I thought all this while, after trying to win a bit of the trust, I have manage to at least pass 30% of the 'test'. Unfortunately, it started all over again... To actually think that I was actually being excluded just to prevent from being 'accused' was pretty sad. To actually picture the whole senario has already make me feel like crying. To actually felt that I was included by 'force' is making me feel less important. If things has been explained probably I might understand, a bit lah! Maybe, even if its hard to swallow.. Now I will have to start all over again..

I was out with 'my eldest daughter' Nadiah on Monday, its been some time since we last spend time together. We end up going to the same place over and over again. But as long as we get a decent meal together and buy stuff that she likes its alright with me.

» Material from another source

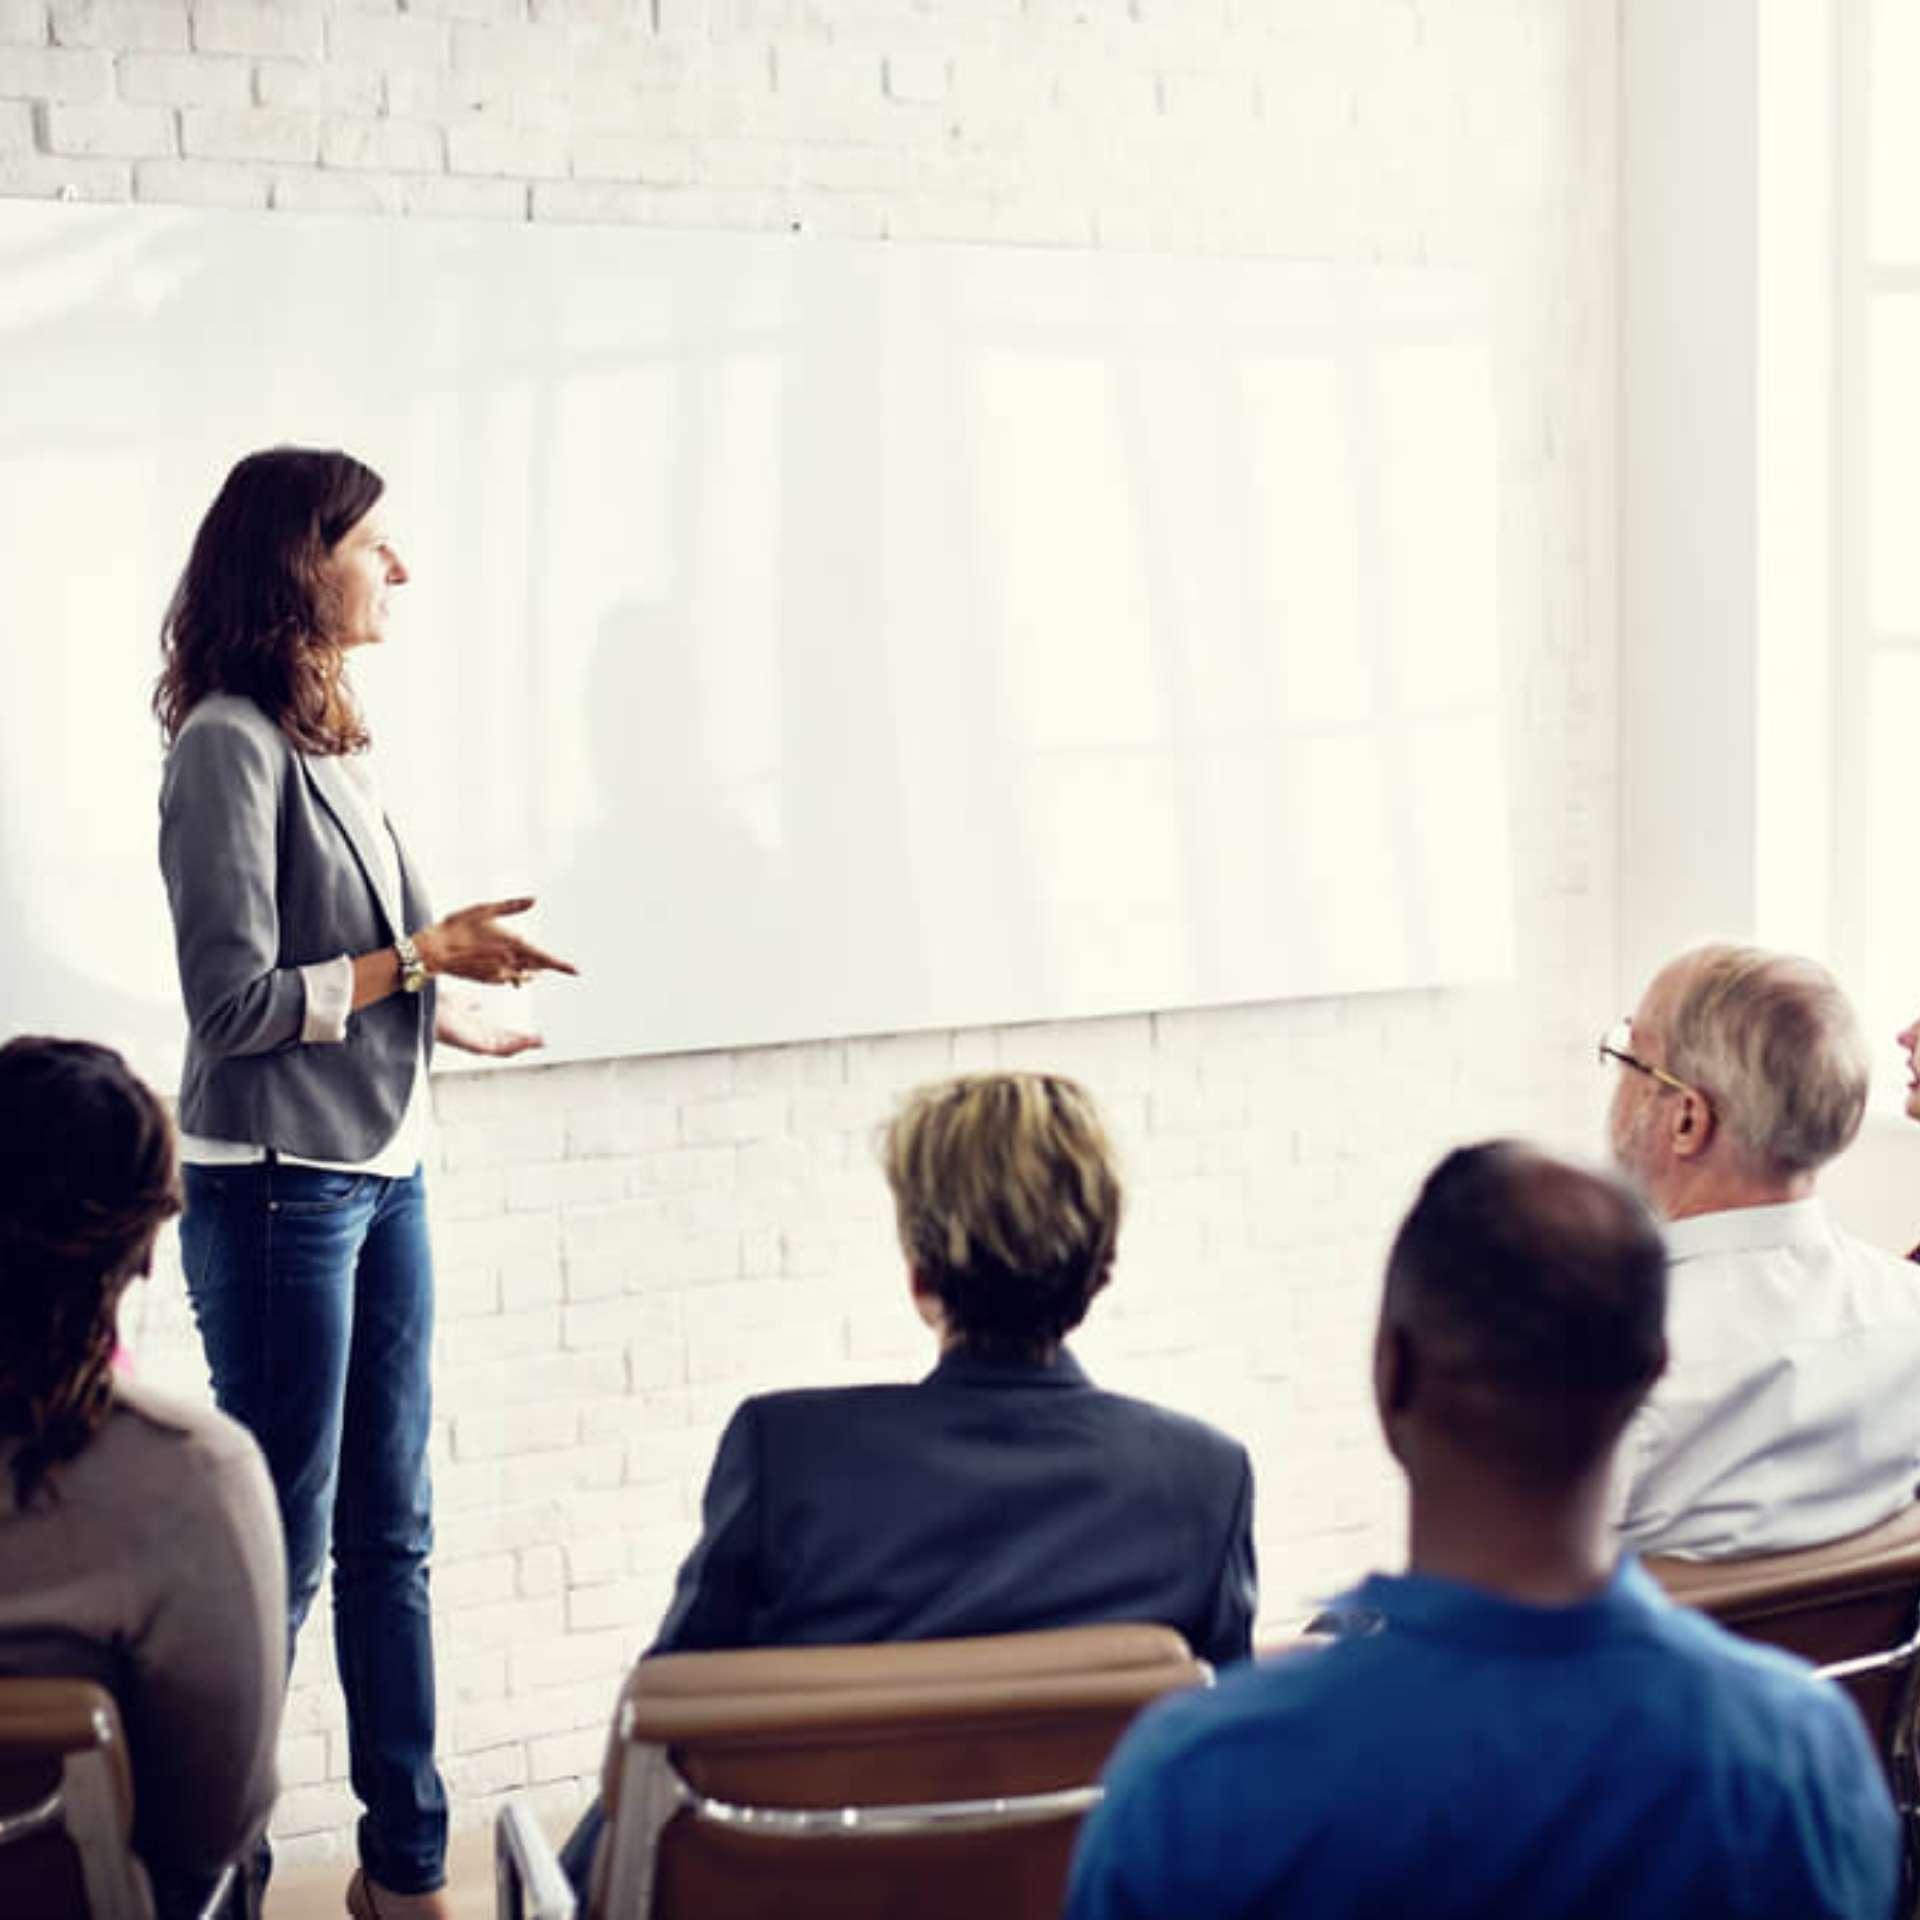 Conheça o Treinamento Corporativo para Gerar Resultados Lucrativos

Its already February.. The month is moving pretty fast actually. I've got to count months, hope I dont have to count years.

I'm watching Cucuku Sayang now on TV. haahaha.. I think its really true, real life story. The wife asking the father and husband to do house work because she decided not to hire a maid. She asking the husband and father to divide the house chores so that she can rest after a days work in the office.. hahaha. Dunia dah terbalik kot!

We had a birthday surprise for Kak Suzana in the office. We had it on Tuesday.. had it planned since last week. Azlin was given the honor to asked kak Suz out for lunch, konon nya at Golden Shoe. But we actually had it at the 17th floor conference room. Jacq pretended to leave for lunch 1st. Then I said goodbye to leave for the day.. Our acting was not bad at all hahaha.. She was pretty surprise that we had it all planned out. Ordered Pizza Hut (and the delivery guy was Yazid and my ex colleague in CIAS - Norashikin) and I went to buy a Chocolate Truffle from Royal Cakes..

It was Zafeera, Suzana Yunan and 'Abah's' birthday all on the same day 02.02. Bought something for Abah when I was out with Nadiah the other day.. Hope he likes it.

Ok I hope weekend will start from Friday!